There was 56.8 SF of retail space per person in the U.S. at the end of last year, according to a CoStar analysis. By comparison, in 2000 there was 53.8 SF per person.

“We’re not as over-retailed today as what we thought at a macro level ... and are actively working towards a better state of equilibrium,” CoStar National Director of U.S. Retail Analytics Brandon Svec told CoStar News. He added the current environment is showing “the restoration of fundamental balance within the retail sector.”

Last year, just 46M SF of new retail space delivered, the lowest total in two decades, according to Svec, while 26M SF of retail space was demolished.

In fact, some parts of the country could even support more retail, particularly cities that have seen a large influx of population, like San Jose, Seattle, Phoenix, Portland, Oregon, and Austin, all of which have less than 50 SF per person. In the Northeast and the Rust Belt, there are a number of cities that still have too much retail — Milwaukee, Cleveland and Rochester, New York, each have 70 SF or more retail space per person, according to CoStar.

The stabilizing of the market comes after years of overdevelopment leading up to the Great Recession. Retail insiders have said for years the U.S. has too much retail.

“There’s about a billion square feet of retail space that needs to go away, that needs to be converted, for the market to get healthy,” CoStar's then-director of retail research, Suzanne Mulveesaid at a Bisnow retail event in 2017.

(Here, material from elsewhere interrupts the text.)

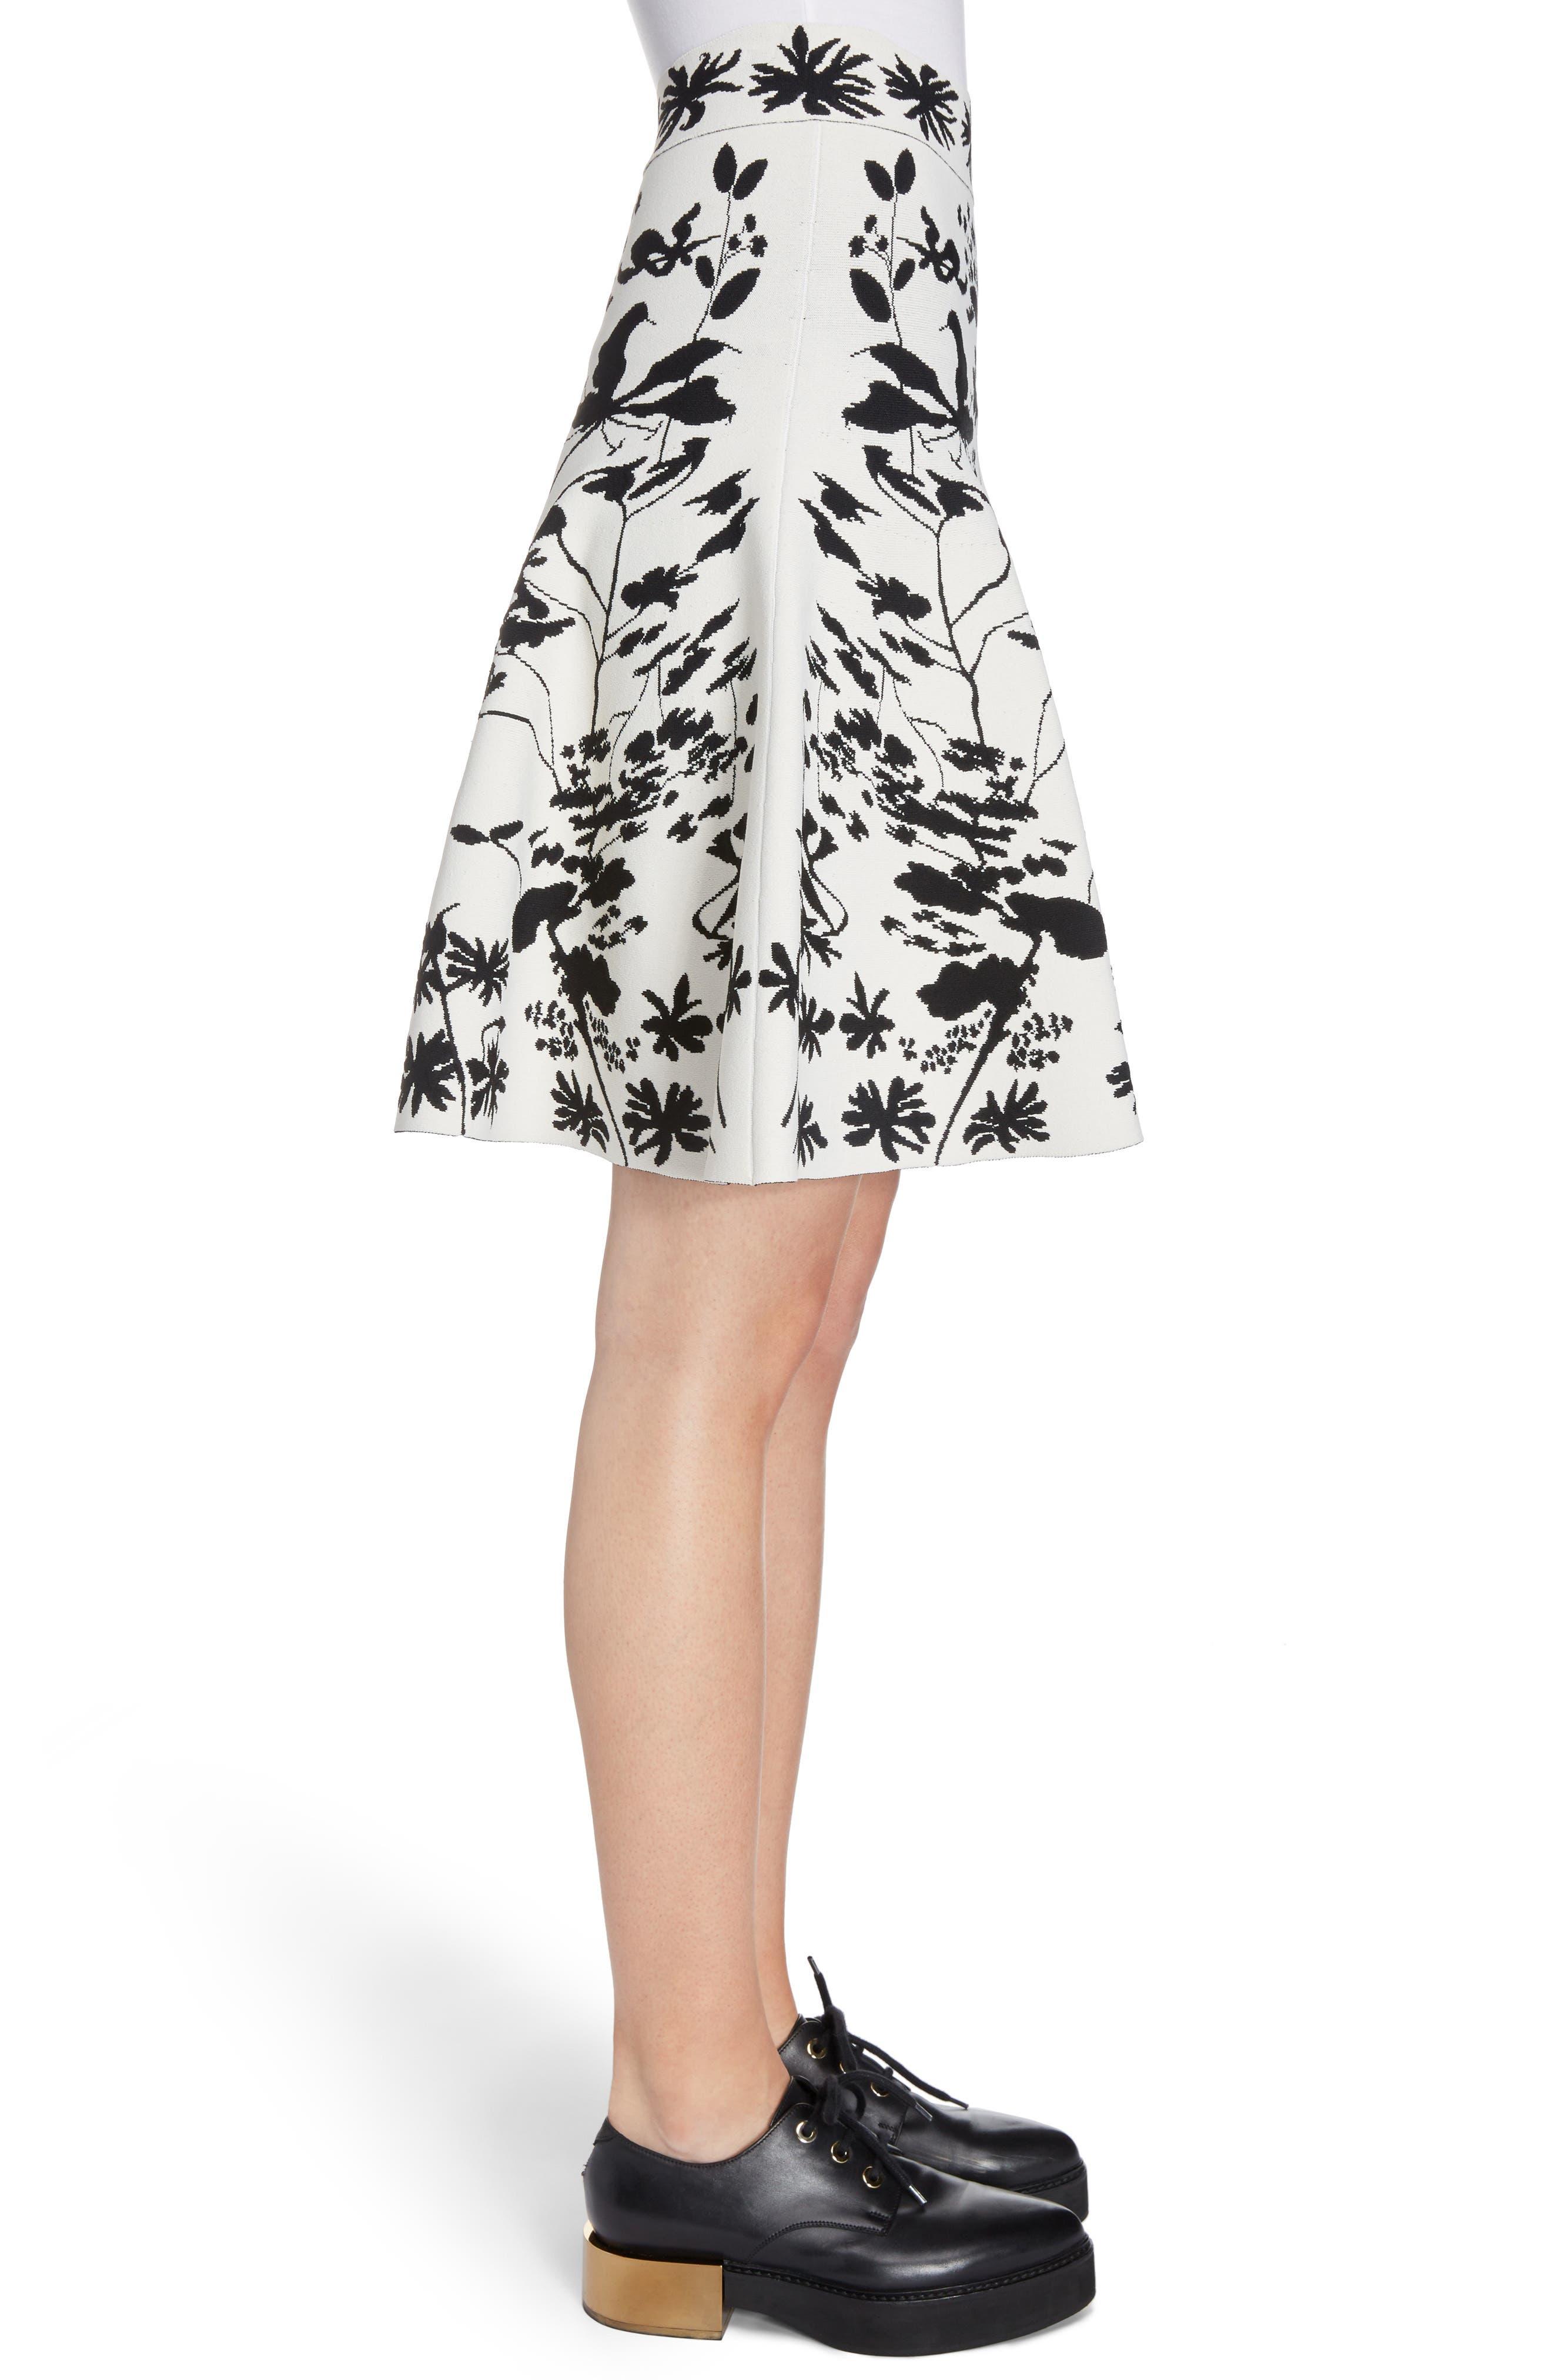 Botanical Jacquard Knit Flounce Skirt,                             Alternate thumbnail 3, color,                             Ivory/ Black

And it appears that is now happening, as malls that have dropped in value are knocked down or converted to other uses, such as industrial, medical or even life sciences. In areas hit hard by the pandemic, there are some glimmers of hope for the retail sector. Out of the 17 major Manhattan retail corridors featured in the Real Estate Board of New York’s retail report released last week, nine saw average asking rent per SF grow from fall 2021.